Holzinger-Swineford (1937) introduced the bifactor model of a general factor and uncorrelated group factors. The Holzinger correlation matrix is a 14 * 14 matrix from their paper. The Reise data set is 16 * 16 correlation matrix of mental health items. The Thurstone correlation matrix is a 9 * 9.

Usage

data(bifactor)

Arguments

source

Holzinger: Holzinger and Swineford (1937) Reise: Steve Reise (personal communication) sem help page (for Thurstone)

Details

Holzinger and Swineford introduced the bifactor model (one general factor and several group factors) for mental abilities. This is a nice demonstration data set of a hierarchical factor structure that can be analyzed using the omega function or using sem. The bifactor model is typically used in measures of cognitive ability.

The 14 variables are ordered to reflect 3 spatial tests, 3 mental speed tests, 4 motor speed tests, and 4 verbal tests. The sample size is 355.

More recent applications of the bifactor model are to the measurement of psychological status. The Reise data set is a correlation matrix based upon >35,000 observations to the Consumer Assessment of Health Care Provideers and Systems survey instrument. Reise, Morizot, and Hays (2007) describe a bifactor solution based upon 1,000 cases.

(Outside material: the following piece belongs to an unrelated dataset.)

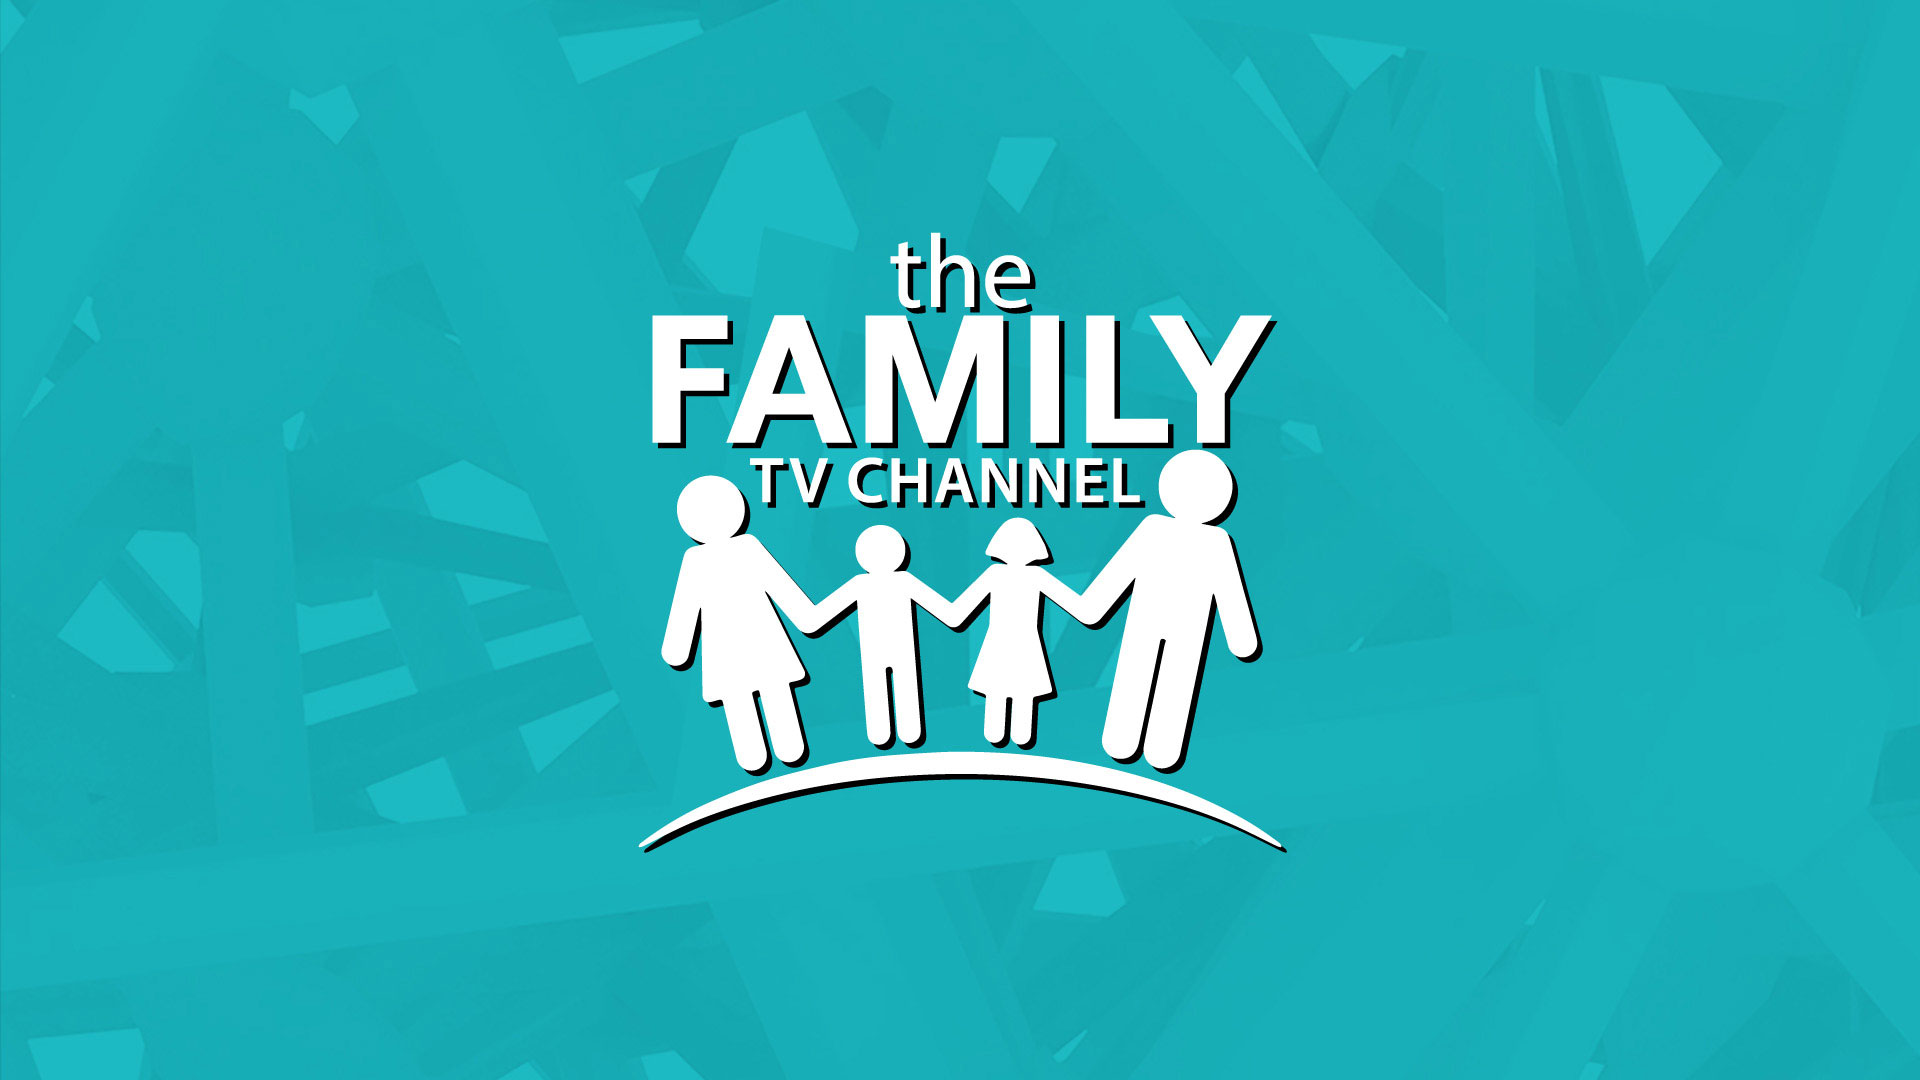 The Family TV Channel

The five factors from Reise et al. reflect Getting care quickly (1-3), Doctor communicates well (4-7), Courteous and helpful staff (8,9), Getting needed care (10-13), and and Health plan customer service (14-16).

The 9 variable Thurstone problem is discussed in detail by R. P. McDonald (1999) and is used as example in the sem package.

  • Holzinger: 14 x 14 correlation matrix of ability tests, N = 355
  • Reise: 16 x 16 correlation matrix of health satisfaction items. N = 35,000
  • Thurstone: 9 x 9 correlation matrix of ability tests, N = 213

References

Holzinger, Karl and Swineford, Frances (1937) The Bi-factor method. Psychometrika, 2, 41-54

McDonald, Roderick P. (1999) Test theory: A unified treatment. L. Erlbaum Associates Mahwah, N.J.

Reise, Steven and Morizot, Julien and Hays, Ron (2007) The role of the bifactor model in resolving dimensionality issues in health outcomes measures. Quality of Life Research. 16, 19-31.

Examples

Run this code
data(bifactor)
holz <- omega(Holzinger,4, title = "14 ability tests from Holzinger-Swineford")
bf <- omega(Reise,5,title="16 health items from Reise") 
omega(Reise,5,labels=colnames(Reise),title="16 health items from Reise")
thur.bf <- omega(Thurstone,title="9 variables from Thurstone")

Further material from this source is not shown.